▸ **Given information**
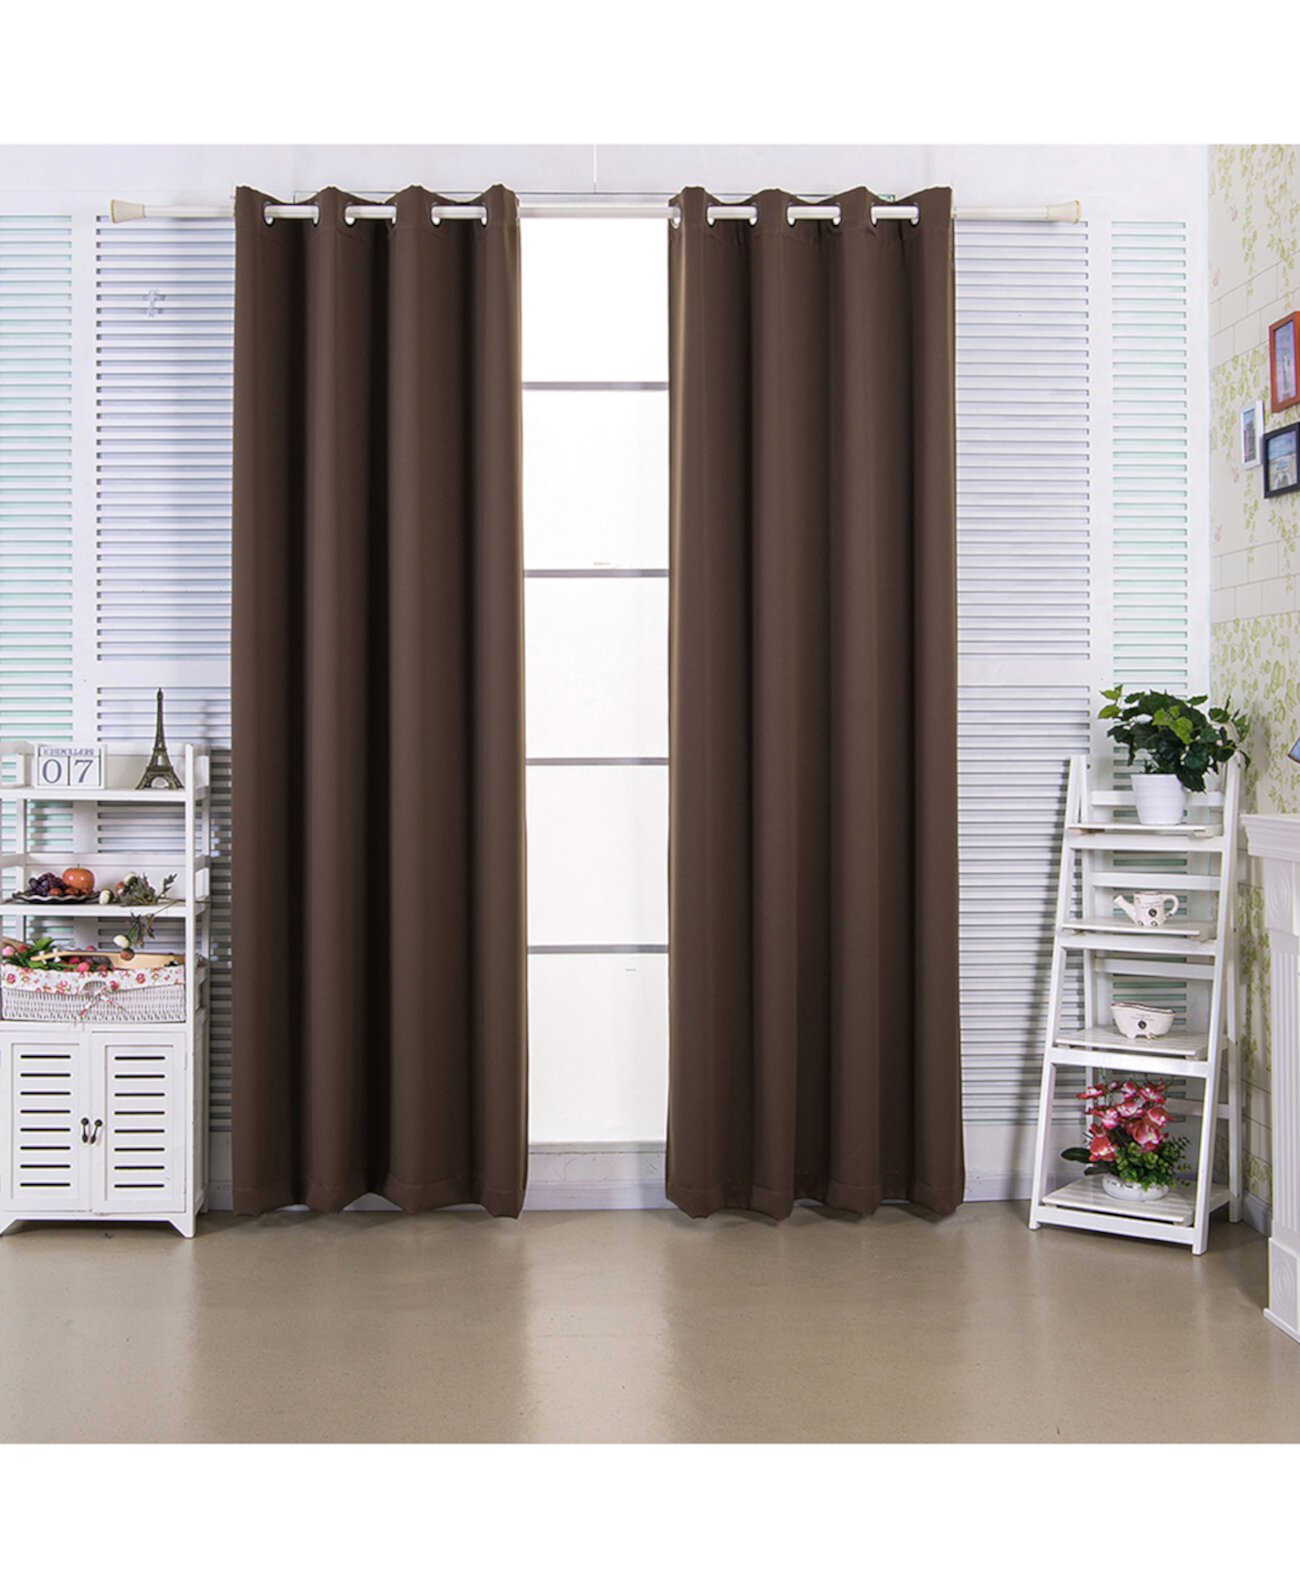 84-дюймовые оконные панели с плотной изоляцией Edessa Premium с термоизоляционными люверсами, орехово-коричневый цвет Elegant Home Fashions
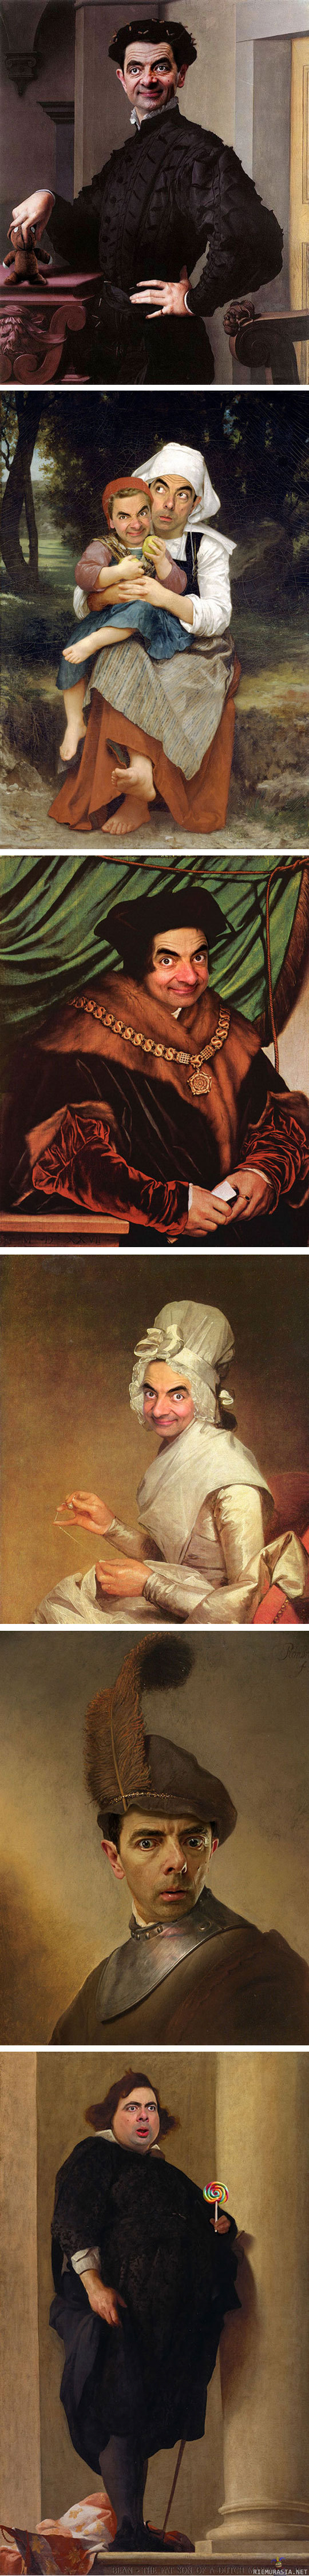 Rowan Atkinsonin monet kasvot - Rowan Atkinsonin naama taideteoksissa
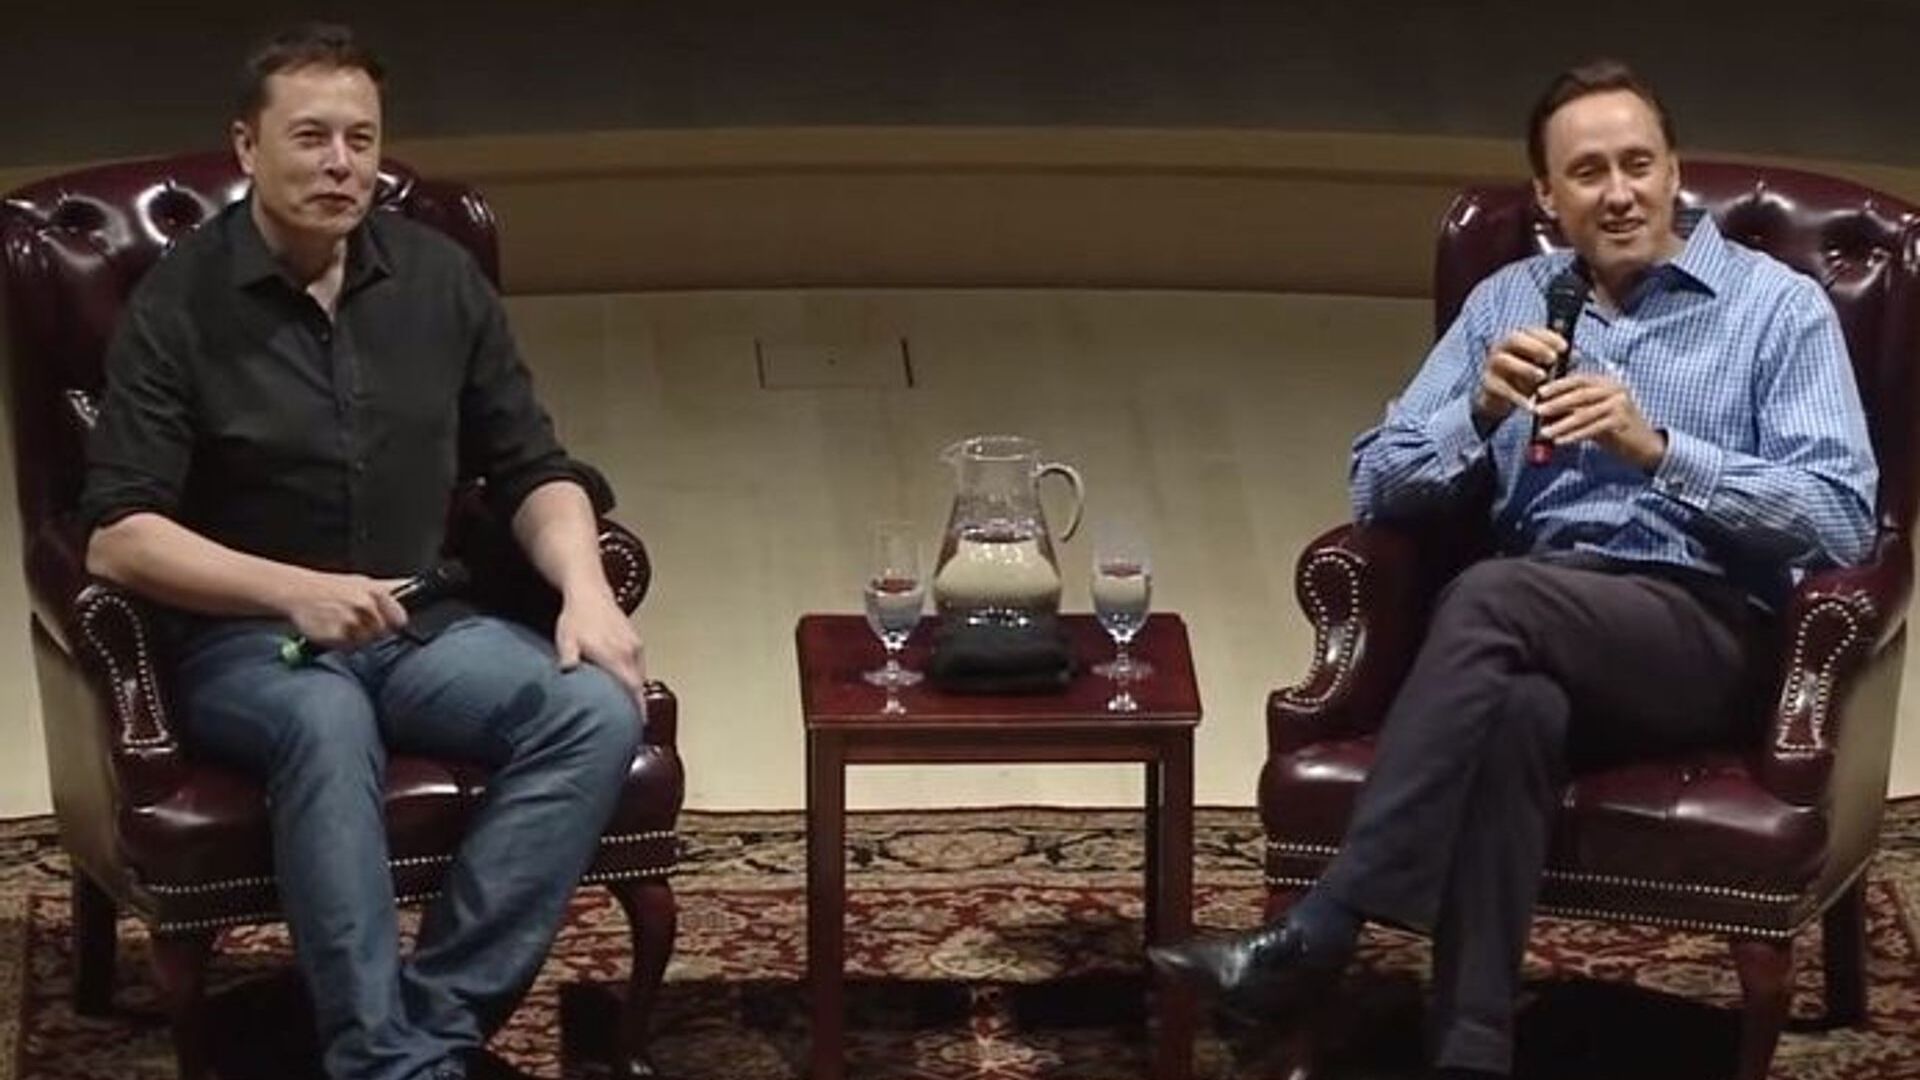 مکالمه بین کارآفرین رویایی ایلان ماسک و سرمایه گذار معروف استیو جوروتسون
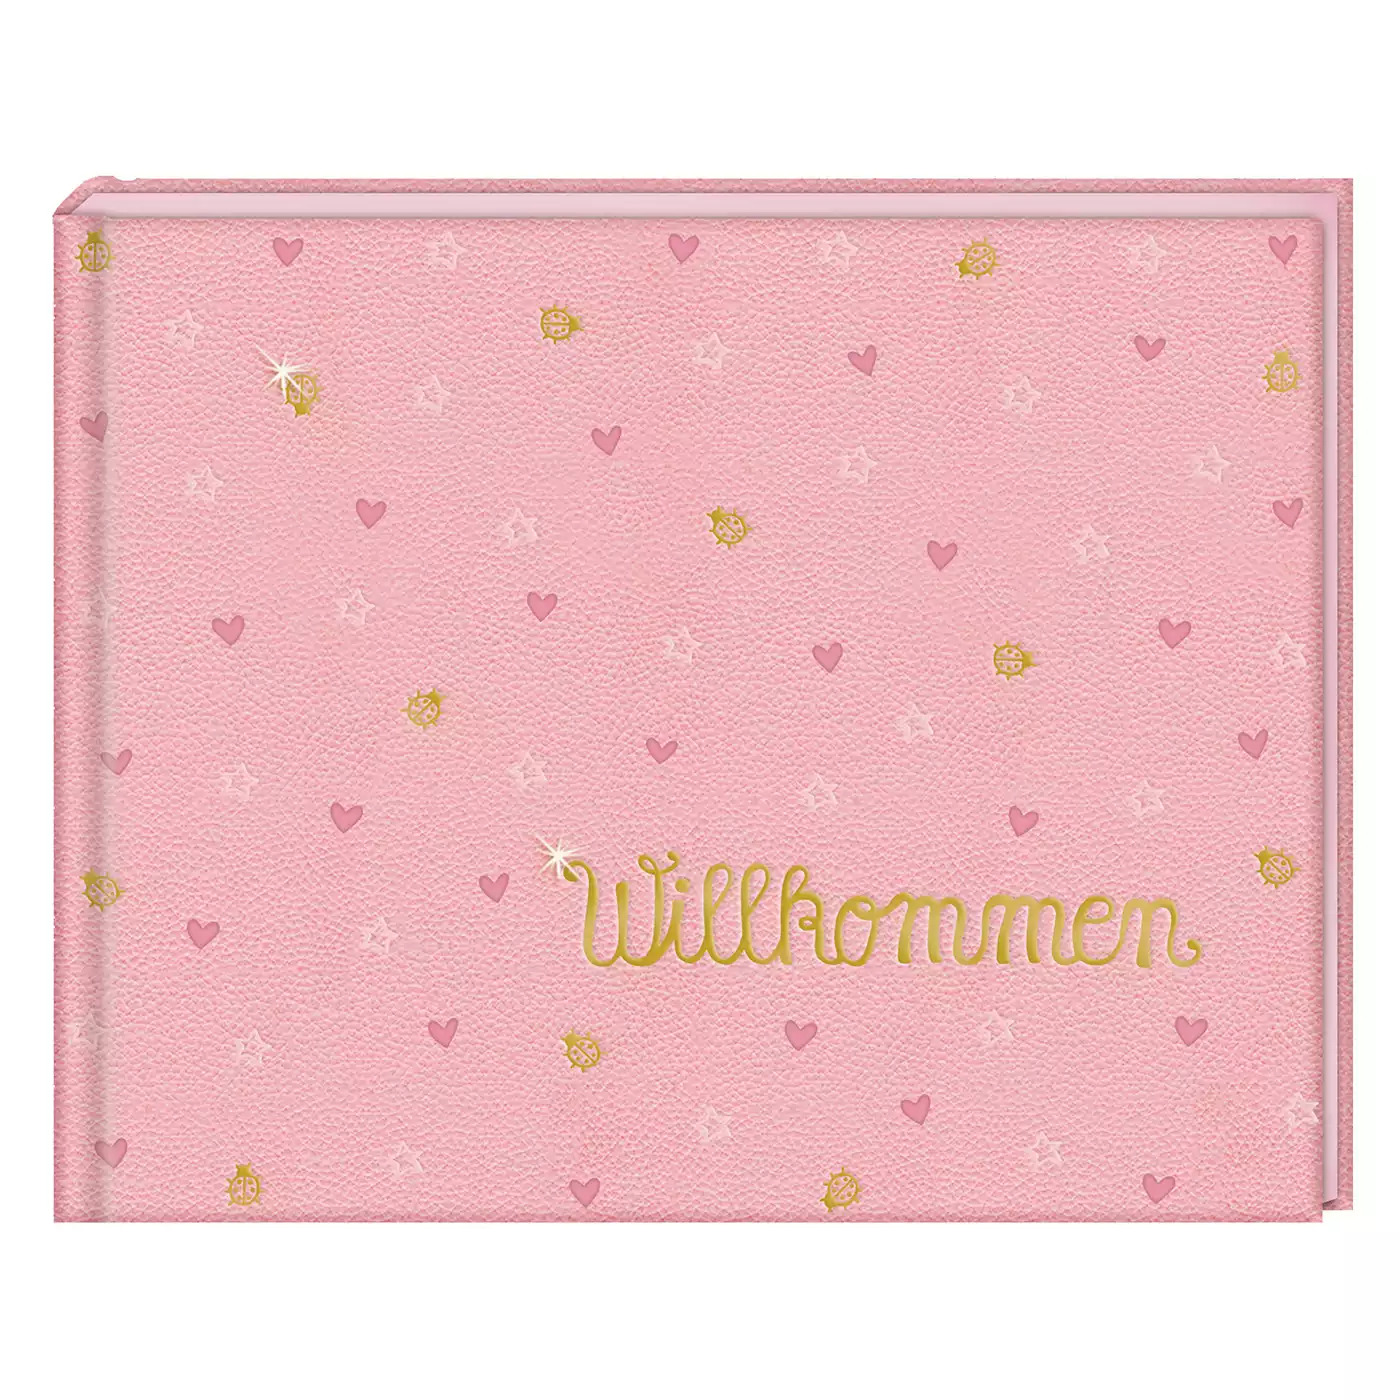 Babyalbum Willkommen BabyGlück DIE SPIEGELBURG Pink Rosa 2000576399902 3

▸ **Your goal**
Output only these lines, word for word: the line containing "مکالمه بین کارآفرین" and every line after it through the last line of the data. Omit the pictures.

▸ **Written response**
 مکالمه بین کارآفرین رویایی ایلان ماسک و سرمایه گذار معروف استیو جوروتسون
 Babyalbum Willkommen BabyGlück DIE SPIEGELBURG Pink Rosa 2000576399902 3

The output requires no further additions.